“You stood before me last time and understood it all, and you understand it now.”

“All I understand is that you are mad.”

“Aren’t you tired of it? Here we are face to face; what’s the use of going on keeping up a farce to each other? Are you still trying to throw it all on me, to my face? You murdered him; you are the real murderer, I was only your instrument, your faithful servant, and it was following your words I did it.”

“Did it? Why, did you murder him?” Ivan turned cold.

Something seemed to give way in his brain, and he shuddered all over with a cold shiver. Then Smerdyakov himself looked at him wonderingly; probably the genuineness of Ivan’s horror struck him.

“You don’t mean to say you really did not know?” he faltered mistrustfully, looking with a forced smile into his eyes. Ivan still gazed at him, and seemed unable to speak.

Ach, Vanka’s gone to Petersburg
I won’t wait till he comes back
.

suddenly echoed in his head.

“Do you know, I am afraid that you are a dream, a phantom sitting before me,” he muttered.

“There’s no phantom here, but only us two and one other. No doubt he is here, that third, between us.”

“Who is he? Who is here? What third person?” Ivan cried in alarm, looking about him, his eyes hastily searching in every corner.

“That third is God Himself, providence. He is the third beside us now. Only don’t look for him, you won’t find him.”

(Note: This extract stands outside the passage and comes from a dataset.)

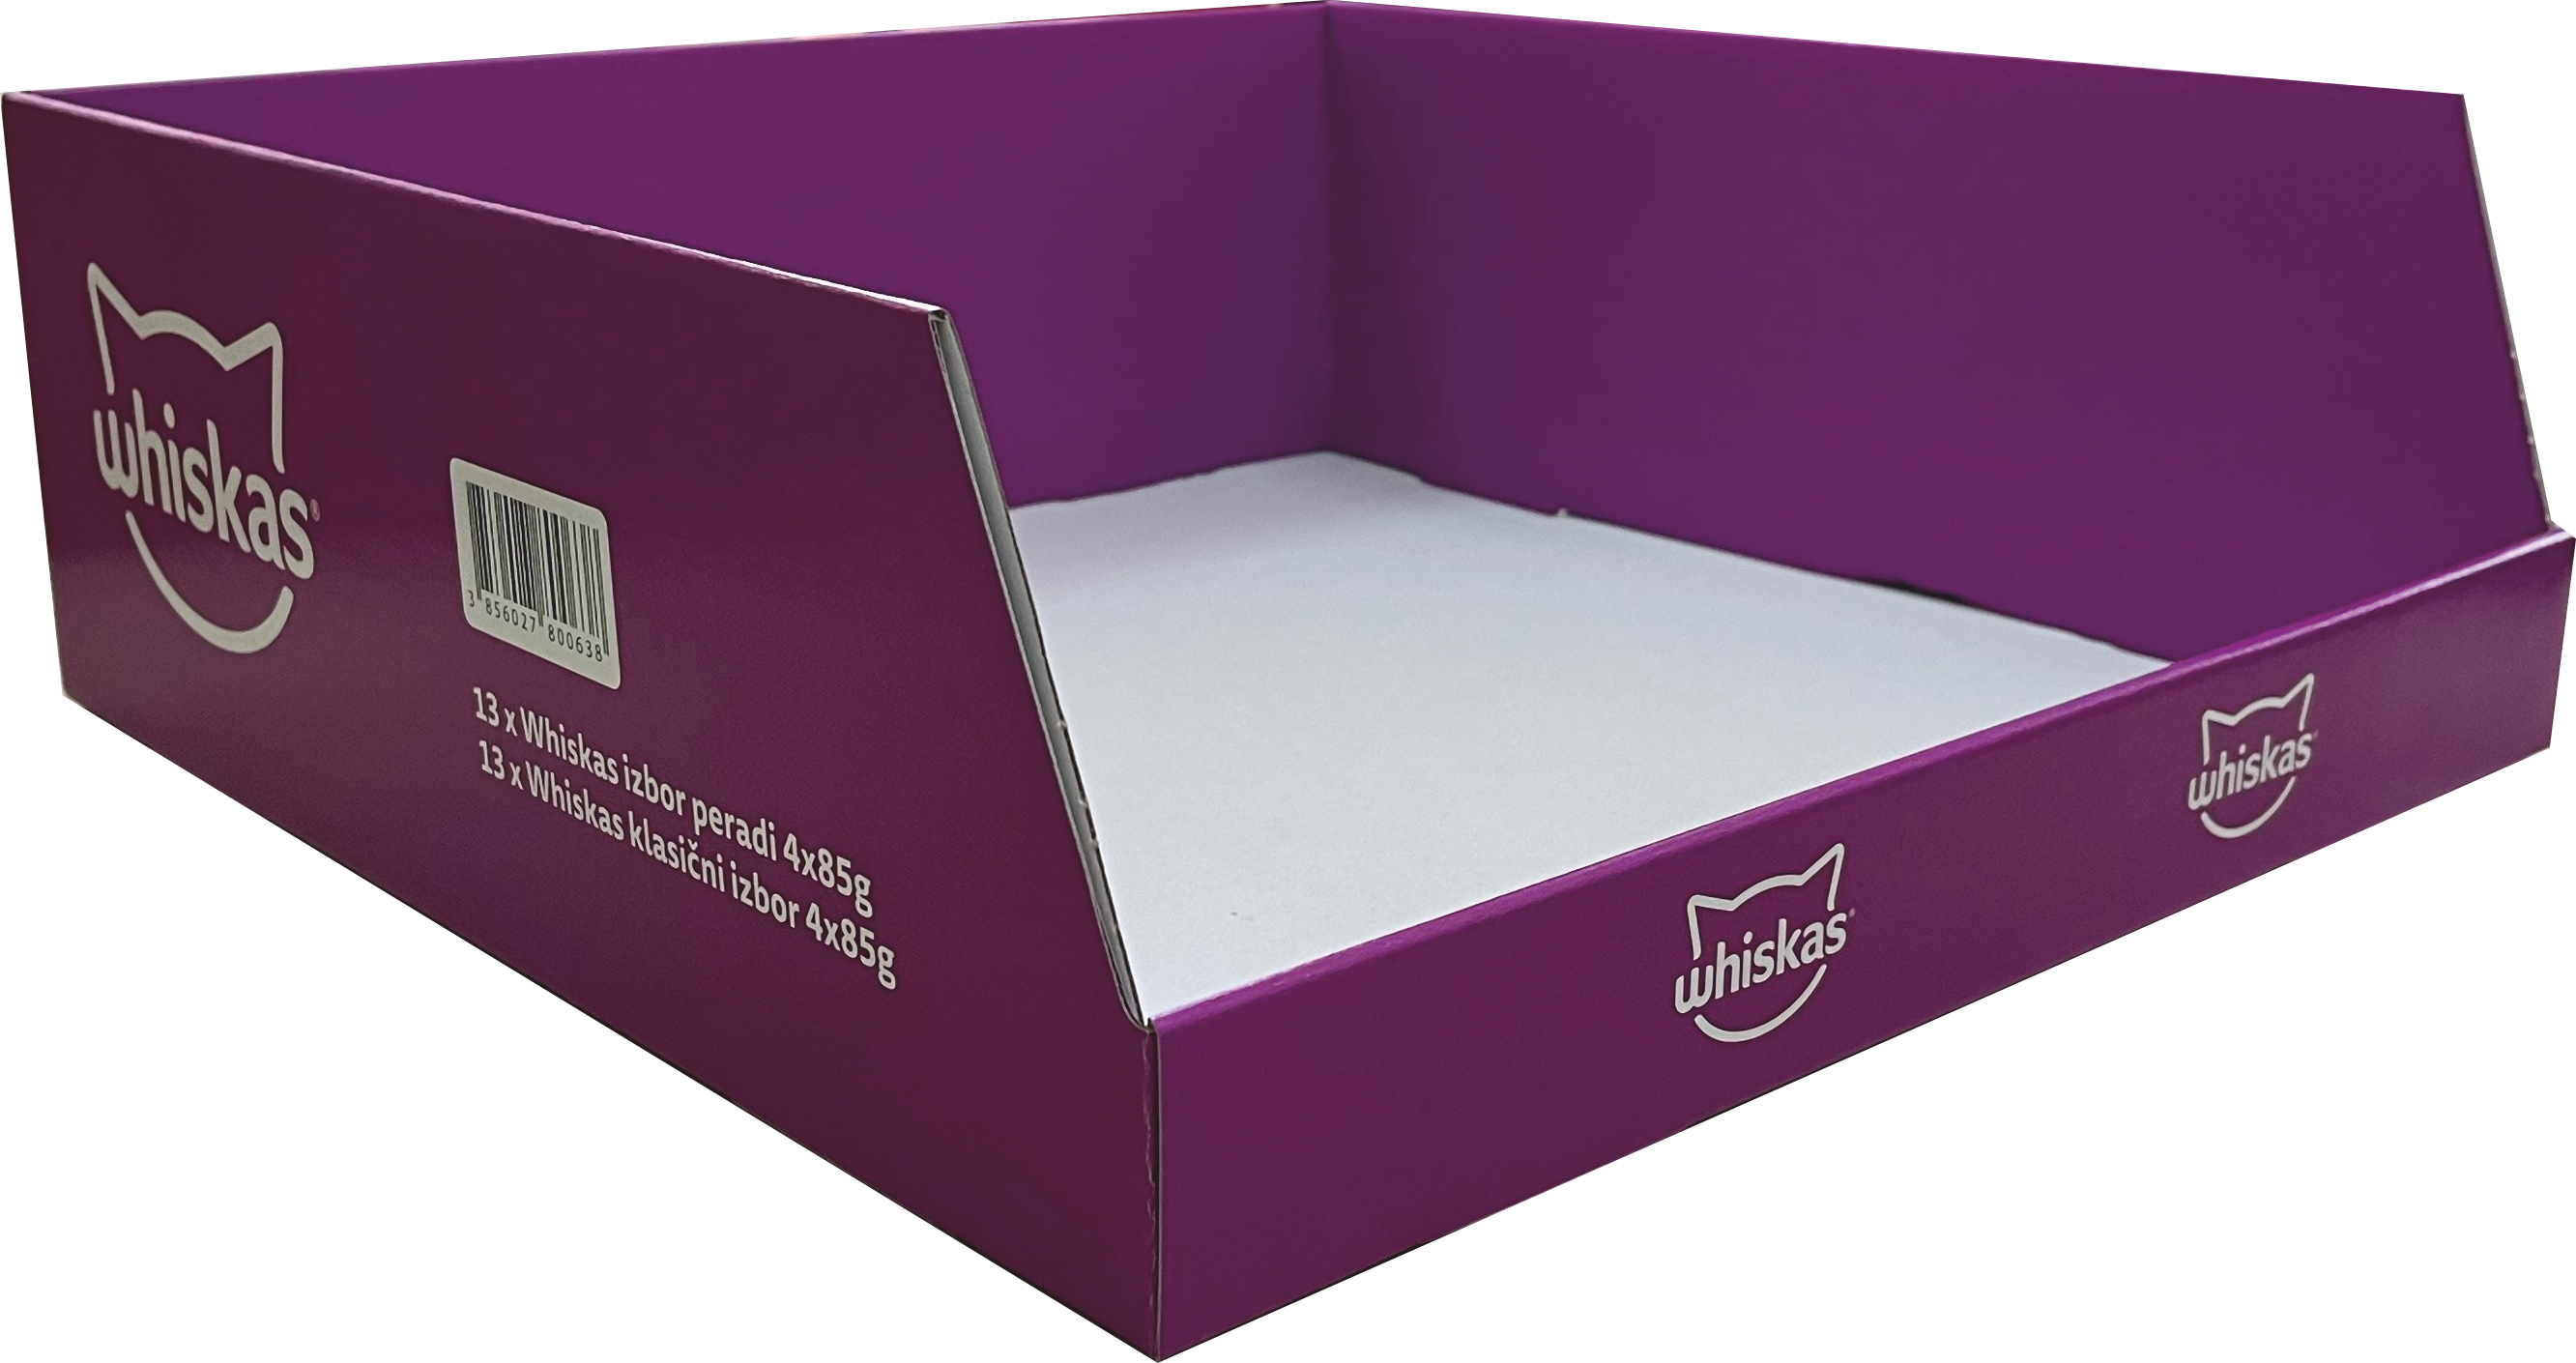 Shelf-ready kutije

“It’s a lie that you killed him!” Ivan cried madly. “You are mad, or teasing me again!”

Smerdyakov, as before, watched him curiously, with no sign of fear. He could still scarcely get over his incredulity; he still fancied that Ivan knew everything and was trying to “throw it all on him to his face.”

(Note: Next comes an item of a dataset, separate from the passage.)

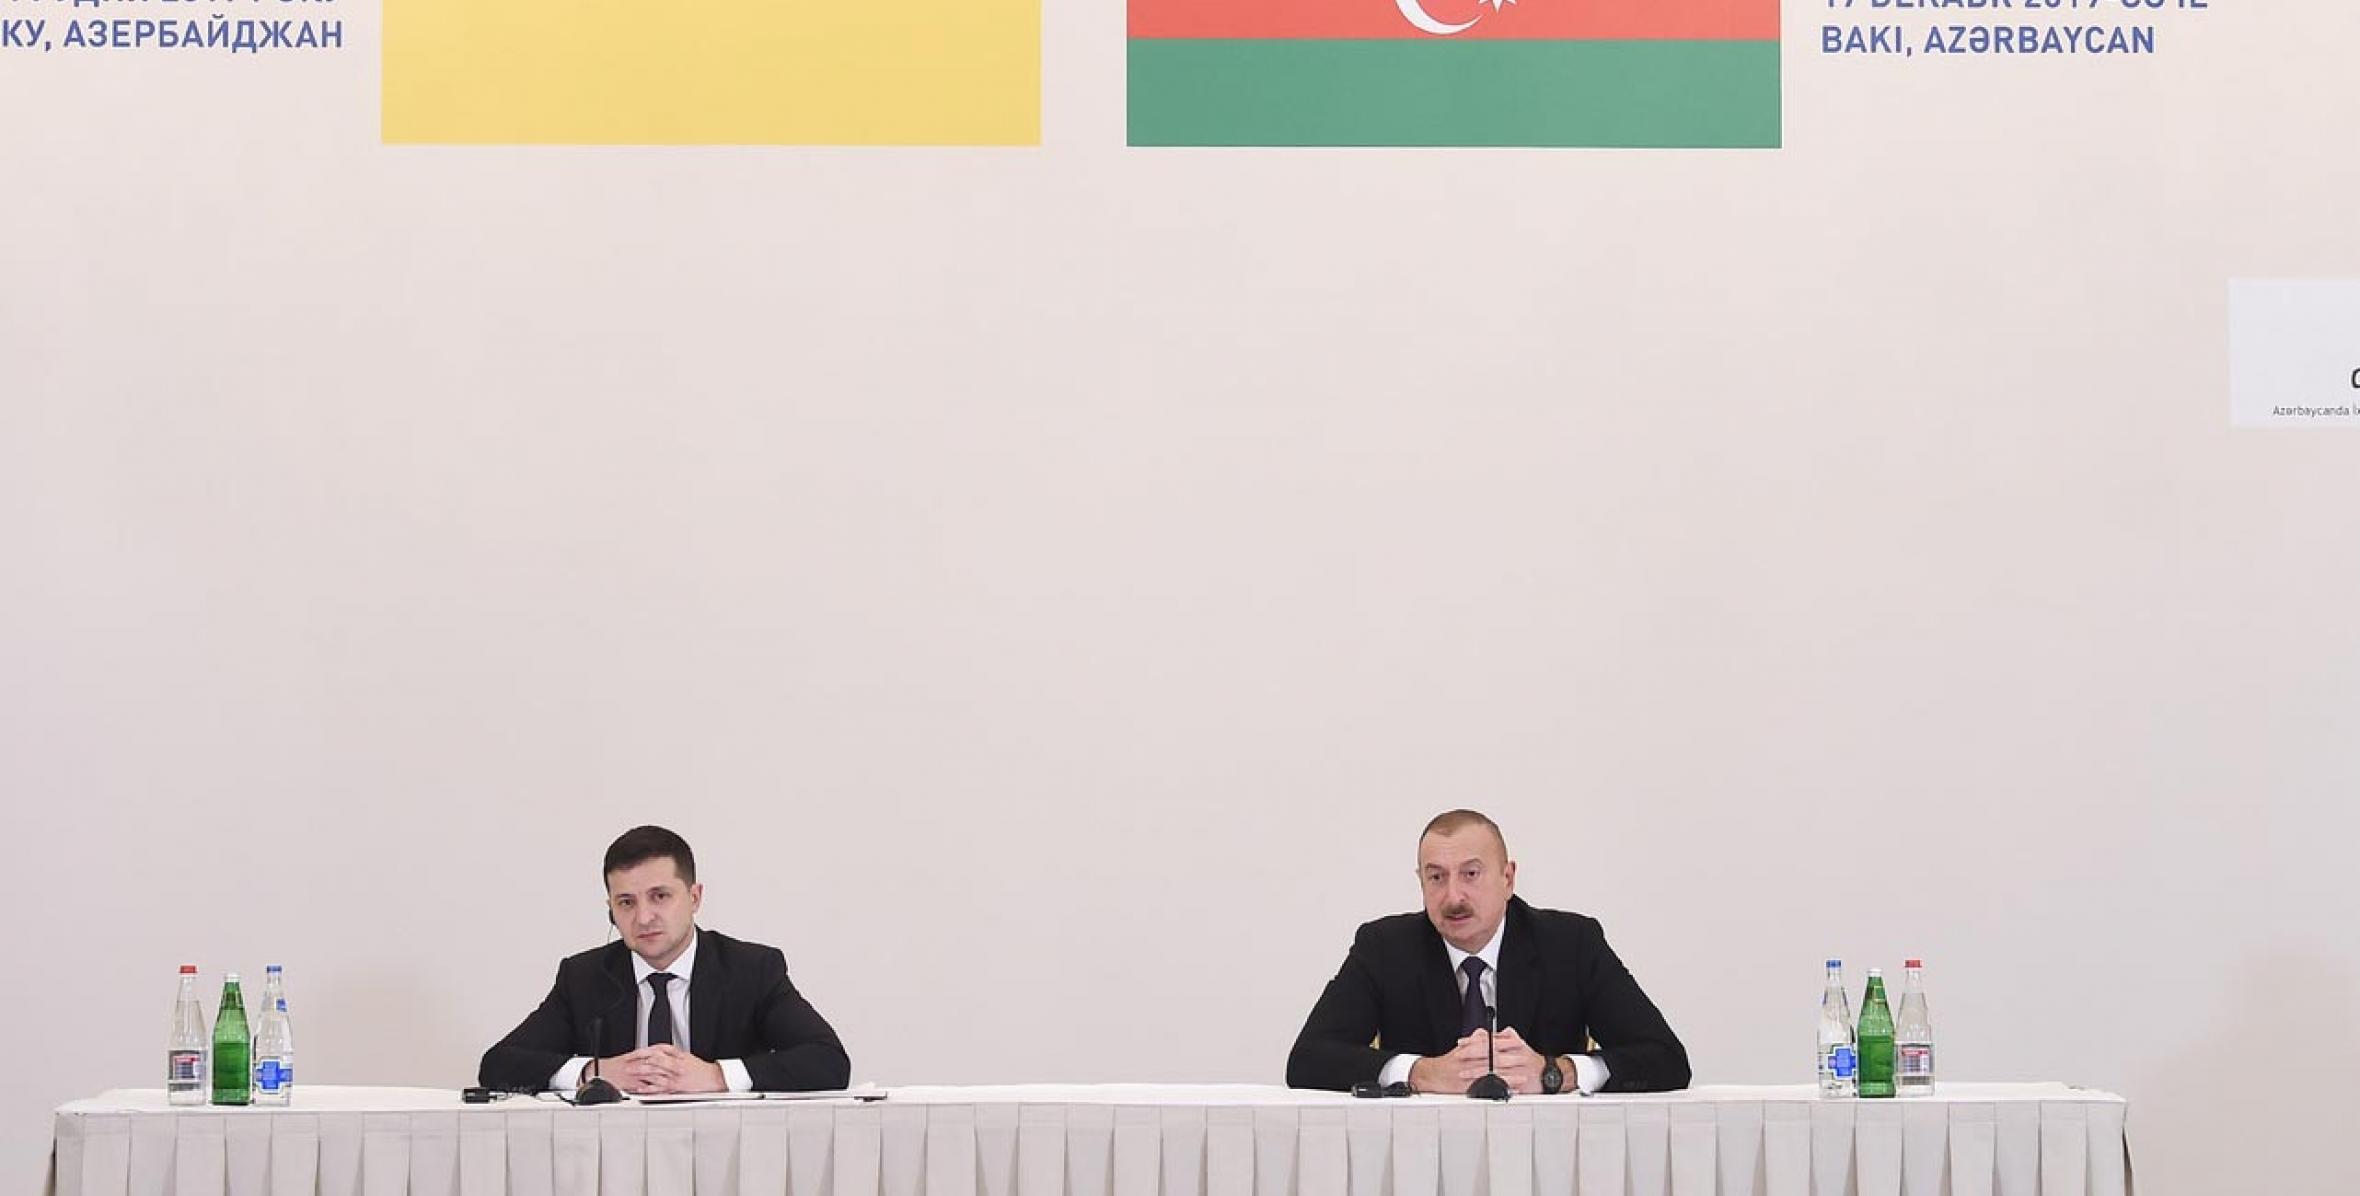 Speech by Ilham Aliyev at the Azerbaijan-Ukraine business forum

“Wait a minute,” he said at last in a weak voice, and suddenly bringing up his left leg from under the table, he began turning up his trouser leg. He was wearing long white stockings and slippers. Slowly he took off his garter and fumbled to the bottom of his stocking. Ivan gazed at him, and suddenly shuddered in a paroxysm of terror.

“He’s mad!” he cried, and rapidly jumping up, he drew back, so that he knocked his back against the wall and stood up against it, stiff and straight. He looked with insane terror at Smerdyakov, who, entirely unaffected by his terror, continued fumbling in his stocking, as though he were making an effort to get hold of something with his fingers and pull it out. At last he got hold of it and began pulling it out. Ivan saw that it was a piece of paper, or perhaps a roll of papers. Smerdyakov pulled it out and laid it on the table.

“Here,” he said quietly.

“What is it?” responded Ivan, trembling.

“Kindly look at it,” Smerdyakov answered, still in the same low tone.

Ivan stepped up to the table, took up the roll of paper and began unfolding it, but suddenly he drew back his fingers, as though from contact with a loathsome reptile.